State insurance regulators do plan to talk about Consumer Operated and Oriented Plan solvency and receivership this Sunday, in San Diego, at the National Association of Insurance Commissioners meeting.
As far as I can tell, that’s about the only public sign of life in the area of health plan failure policy discussions.
NAIC’s Health Insurance and Managed Care Committee set up a CO-OP Solvency and Receivership Subgroup in April. The committee gave the plan failure topic some attention by scheduling this weekend’s CO-OP solvency session.
But, at press time, the subgroup had not published anything on its section of the NAIC website other than the telephone and fax numbers of its NAIC staff contact and the fact that it had a private, regulator-to-regulator session in April.
Policymakers in Washington don’t seem to be saying much more about efforts to help the consumers, providers and commission-payment-seeking agents and brokers affected by the failures of CO-OPs or other health plans. Tonia Khouri, a Republican candidate in Illinois, mentioned the failure of the Illinois Land of Lincoln CO-OP in a recent interview, but in-depth candidate comments on the topic are not easy to find online.
The creepy silence about the health plan failure issue seems to echo the nation’s general approach to talking about Affordable Care Act problems: We bottle up the fact that we’re a nation with an undeclared Red-Blue war, in which policymakers can’t solve any problems, no matter how nonpartisanly alarming (see: Zika fight starts to bite Republicans ahead of mosquito season) by keeping our mouths shut and hoping other folks will get blamed for the problems.
Republicans talk about how terrible and obstinate the Democrats are.
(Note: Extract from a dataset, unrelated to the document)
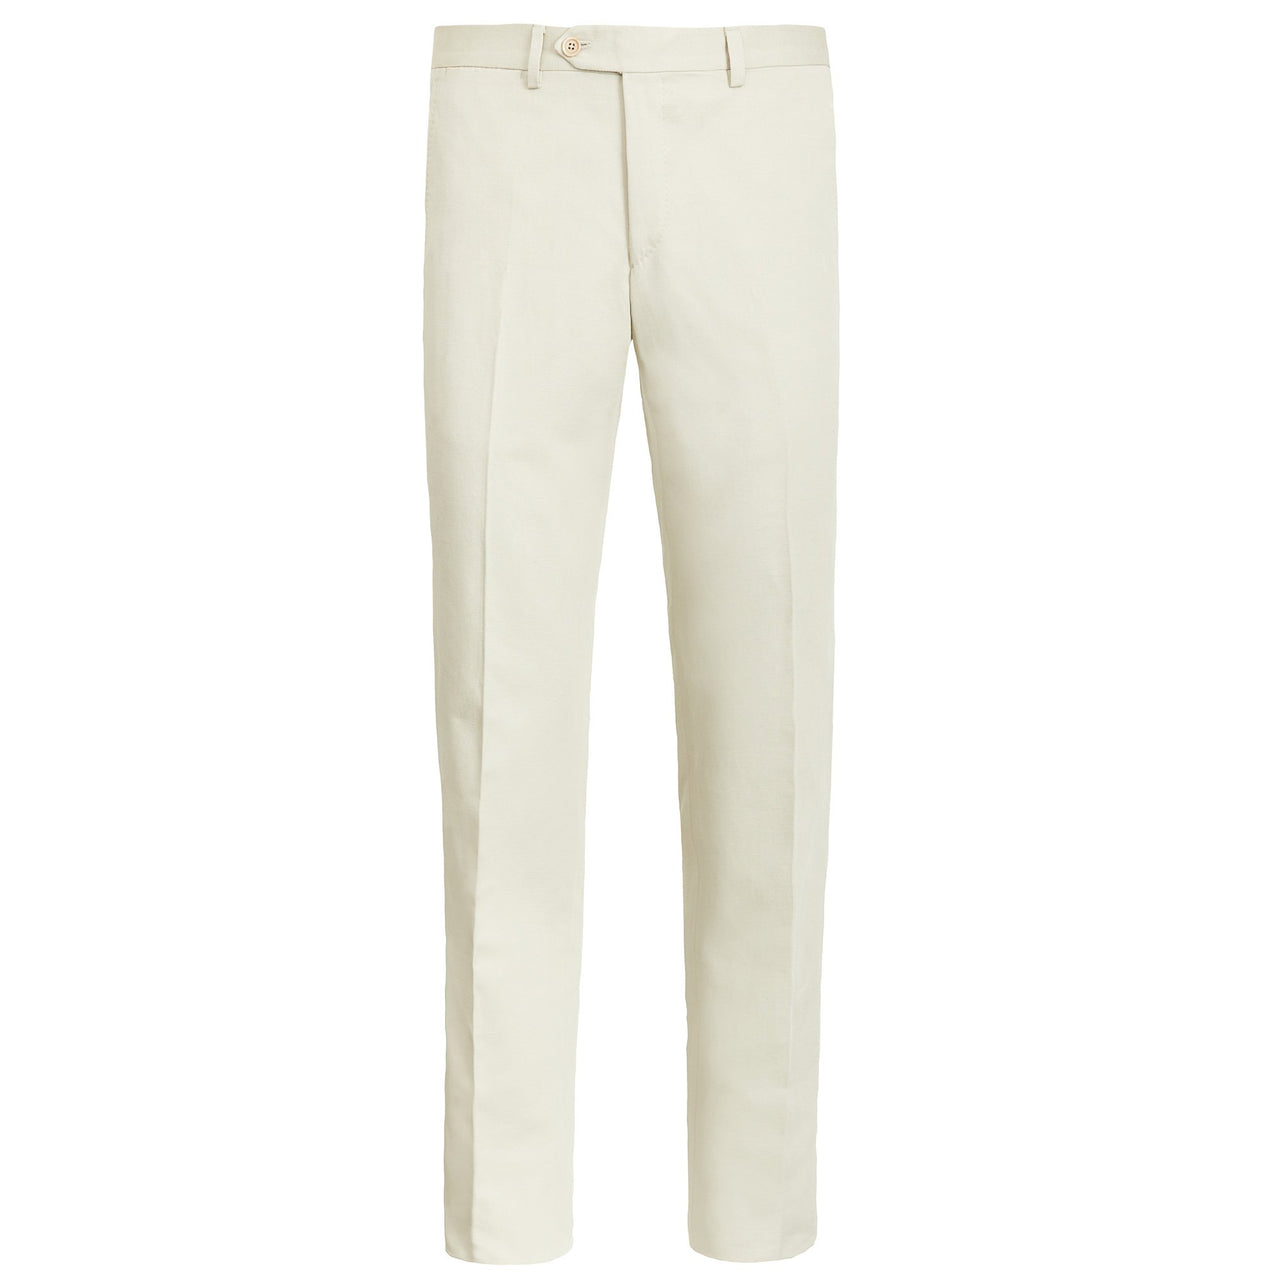 HENRY TAUPE TROUSER

The Democrats complain that the Republicans do nothing but try to kill the Affordable Care Act. Officials from the Centers for Medicare & Medicaid Services (CMS) send an official to a congressional hearing, and have the official say something along the lines of, “I’m sorry, but I don’t have that information at my fingertips. I’ll talk to my staff and have someone get back to you soon. Promise.”
Related: Bad lessons
Meanwhile, at the state regulator level, there’s the reality that regulators take time to react to problems. NAIC is now busy with proposals for preventing, and coping with, the kinds of financial problems that hurt life insurers during the Great Recession, about eight years ago.
Of course, no one wants to say anything that will hurt a creaky health insurer that could survive if everyone is patient, but the lack of serious public health plan failure discussions is disturbing.